No, the exception you saw shouldn’t happen. So I’m still curious to see the example and try it for myself to see what’s going on

The timeout is in seconds, yes. However, you should never see a StopWorker exception in your terminal, as that is used internally only.

You can email me at [github-username]@gmail.com

Can you provide a minimal working example that gives this error? Without exactly knowing what your code looks like it’s really hard to debug

No problem, happy to help.

To answer your question, as long as you are sure all locks are released before starting forking processes, it shouldn’t be a problem.

The problems start when you have a thread in your main process that holds a lock and then start forking. A child process then inherits an acquired lock which cannot be released anymore because the thread that holds it is not inherited. So whenever you do something with that lock again it will deadlock because it cannot acquire an already acquired lock.

since I need use muti-thread within multi-cores, I think my best option is forkserver then?

Using fork is only unsafe when using threading/locks before starting the child processes with fork. So if you don’t have a thread running in your main process that holds a lock, you should be fine to use fork in the main process and create child processes with it. Using threading after fork should be fine.

Also, I noticed something interesting when tracking the Console Output on Jenkins: the message seems to be printed out at around 1- 1.5 hour interval. Does it mean the workers are waiting for each other to complete the task at hand, before they start communicating with each other and printing out stuffs? I was thinking that they would not wait for each other and just do the task assigned to them independently?

MPIRE first creates all workers and starts them (i.e. calls process.start()). But it doesn’t wait for the workers to be started. One worker can already start a task while another is still starting. It could be that your console output uses a buffer for stdout and outputs every x time, giving the impression that mpire waits/syncs.

See the following output:

from mpire import WorkerPool

def w_init(worker_id):
    print(worker_id, "started")

def job(worker_id, x):
    print(worker_id, "got task", x)
    return x * 2

with WorkerPool(10, pass_worker_id=True) as pool:
    pool.map(job, range(10), worker_init=w_init)

On my machine this prints:

0 started
1 started
2 started
3 started
0 got task 0
1 got task 1
4 started
5 started
2 got task 2
6 started
3 got task 3
4 got task 4
5 got task 5
7 started
6 got task 6
8 started
9 started
7 got task 7
8 got task 8
9 got task 9

Also, if I need to have some tuples of shared_objects that would be modified by one parent process and reused by another parent worker, could I just simply turned on shared_objects = ([args_1, args_2]) in the with WorkerPool clause?
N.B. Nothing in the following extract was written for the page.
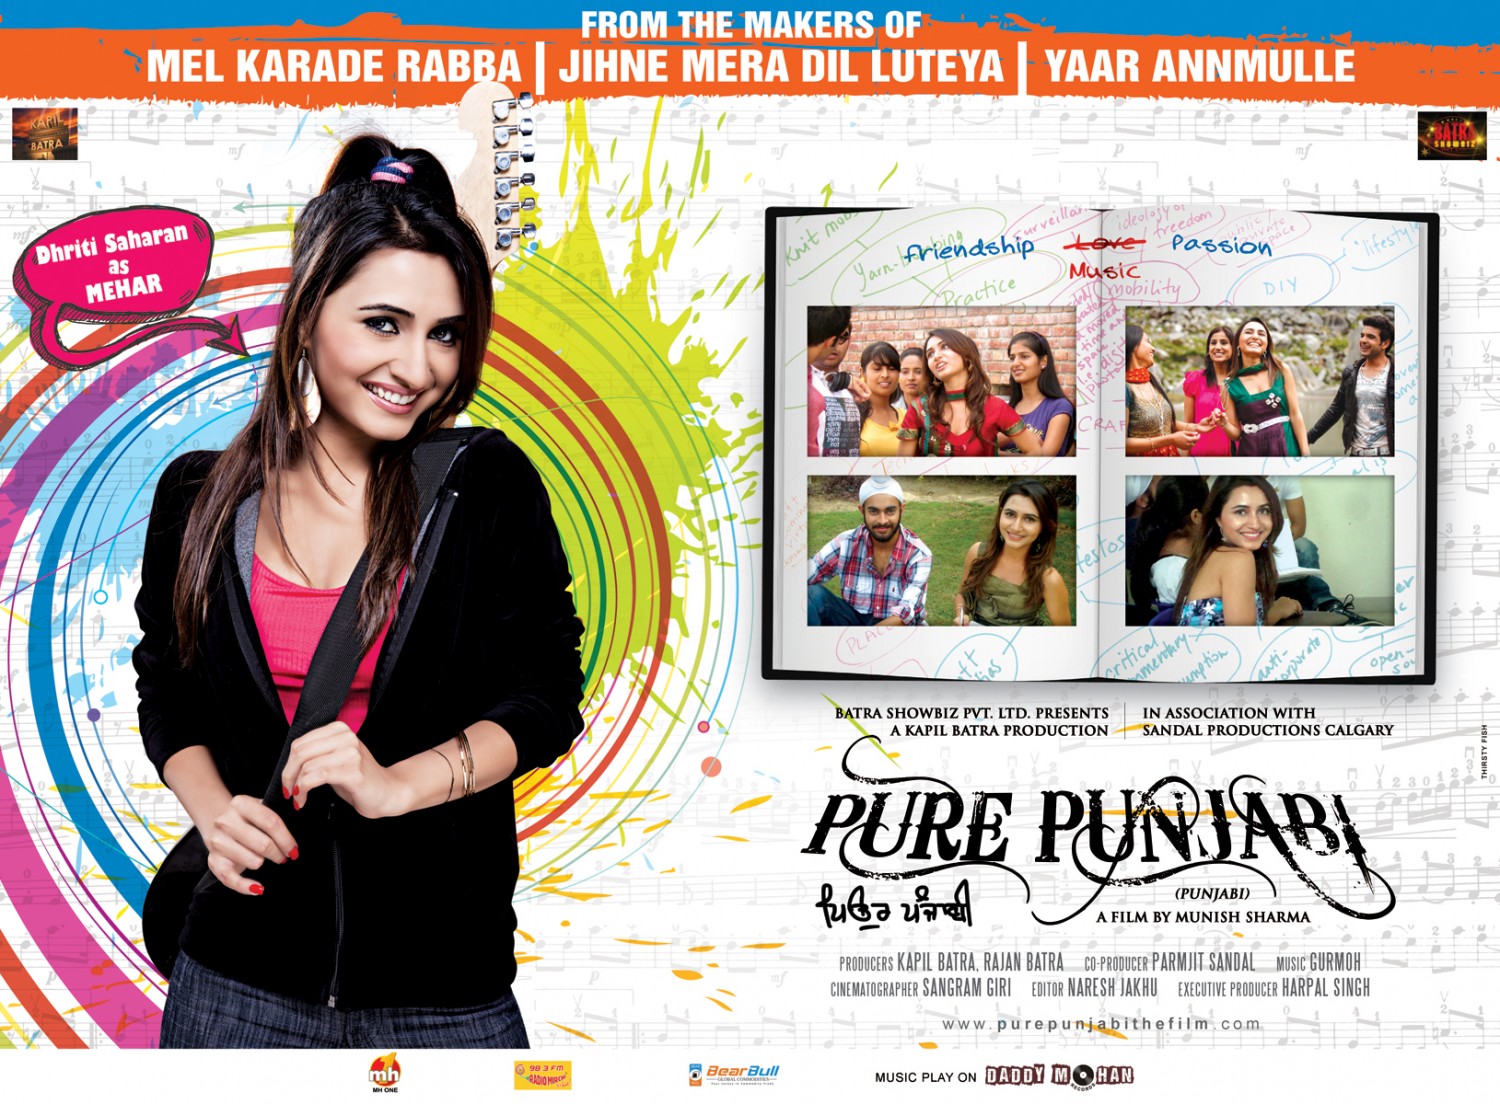 Extra Large Movie Poster Image for Pure Punjabi (#7 of 10)

Does the order of shared_objects parameter relative to the other parameter in WorkerPool() function matter?

The order of shared objects doesn’t matter, each worker will get the same shared objects. However, modifying shared objects might not work like you think it would. They are not mutable in a multiprocessing context. When one process makes modifications, it does so on a copy.

E.g., see the following example:

def job(worker_id, shared_objects, x):
     args_1, args_2 = shared_objects
     print(worker_id, args_1)
 
     # Other processes won't notice any changes in args
     if worker_id == 0:
         args_1.append(3)
 
if __name__ == "__main__":
    args_1, args_2 = [1], [2]
    with WorkerPool(4, pass_worker_id=True, shared_objects=[args_1, args_2]) as pool:
        pool.map(job, range(10))

This will output:

0 [1]
1 [1]
2 [1]
0 [1, 3]
3 [1]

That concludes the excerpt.